Chronology: William Colgate
1783: Born.
1795: Came to the U.S.
1806: Founded William Colgate & Company.
1811: Married wife Mary Gilbert.
1817: Became New York's leading soapmaker.
1817: First Colgate ad appeared in a New York newspaper.
1838: Renamed business Colgate & Company.
1845: Constructed largest soap–boiling pan in existence.

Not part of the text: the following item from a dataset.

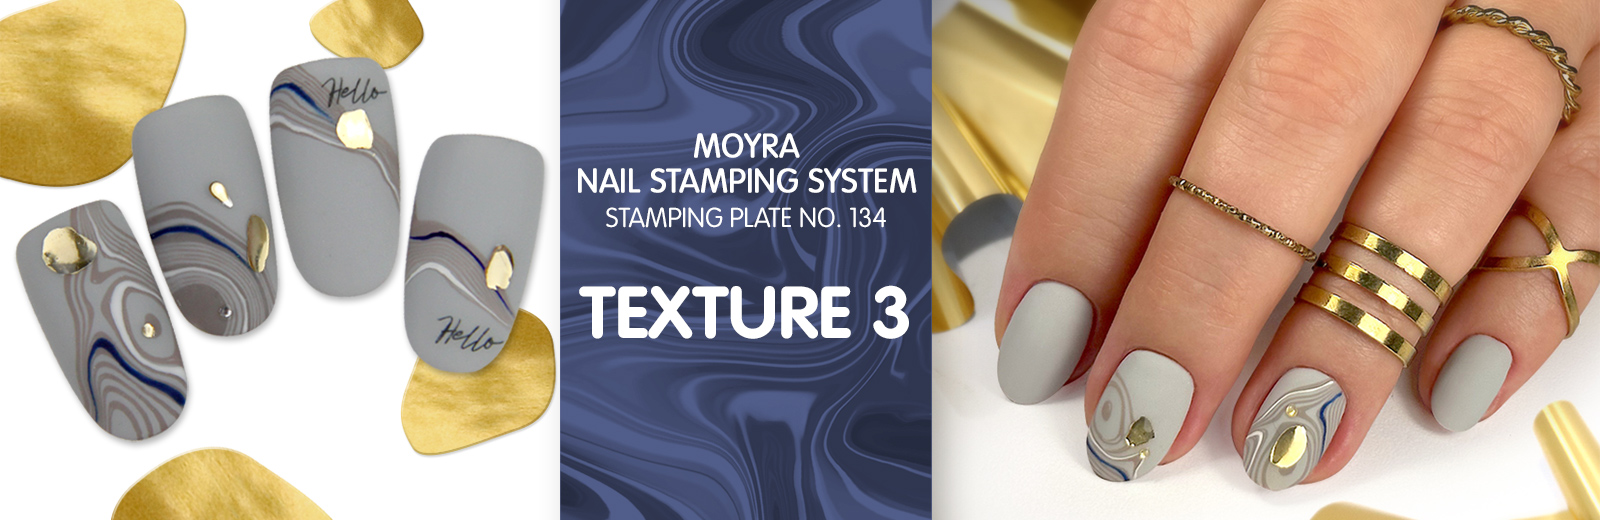 Moyra Stamping plate No. 134 Texture 3

1847: Moved operations to a plant in New Jersey.
1857: Died.
Over the next four years Colgate's company was steadily producing better quality soap that was
affordable, and by 1817, he had grown to become the leading soapmaker in New York as well as
a viable competitor abroad. His first advertisement ran that year in a New York newspaper
offering "Soap, Mould & Dipt Candles." In 1820 he began manufacturing starch with his
brother–in–law John Gilbert. For a time, he had the one of the country's largest starch factories
before he later abandoned starch making altogether. Colgate then hit on a way to broaden his
market and improve sales: scented soaps. The scented products Colgate formulated caught on
and prompted the 1845 creation of what was dubbed "Colgate's Folly," a 43,000–pound capacity
soap–boiling pan which several guessed to be the largest of its kind. Critics thought the
construction of the pan would sink the company, but by 1847 Colgate was expanding his
business even further by moving his company to a bigger, better–equipped plant in Jersey City,
New Jersey, and formulating a line of premium hand soaps in 1850. His son Samuel also joined
the company, which was renamed Colgate & Co. He remained a vital part of his company until
1856 and died in New York City on March 25, 1857.
Colgate, who has been described as an exceptionally good–natured, generous, and honest man,
enjoyed a prosperous business during his entire career with Colgate & Co., which continued even
after his death as the business continued to be successfully guided by his sons. Six years after
Colgate's death, the company began manufacturing Cashmere Bouquet, the first milled perfume
toilet soap to be registered as a trademark. In 1873 the company produced its first toothpaste,
which was sold in jars. They revolutionized the product in 1896, when they introduced
toothpaste packaged in a collapsible tube, much like modern toothpaste.
Colgate rival B. J. Johnson Soap Company, founded in 1864 and located in Milwaukee,
Wisconsin, was about to become part of Colgate's destiny. In 1898 the company debuted
Palmolive soap, a product that was selling so well, that B. J. Johnson decided to rename the
company the Palmolive Company in 1916. The company merged with Palmolive–Peet Company
in 1928 to become Colgate–Palmolive Company, which it remains to this day.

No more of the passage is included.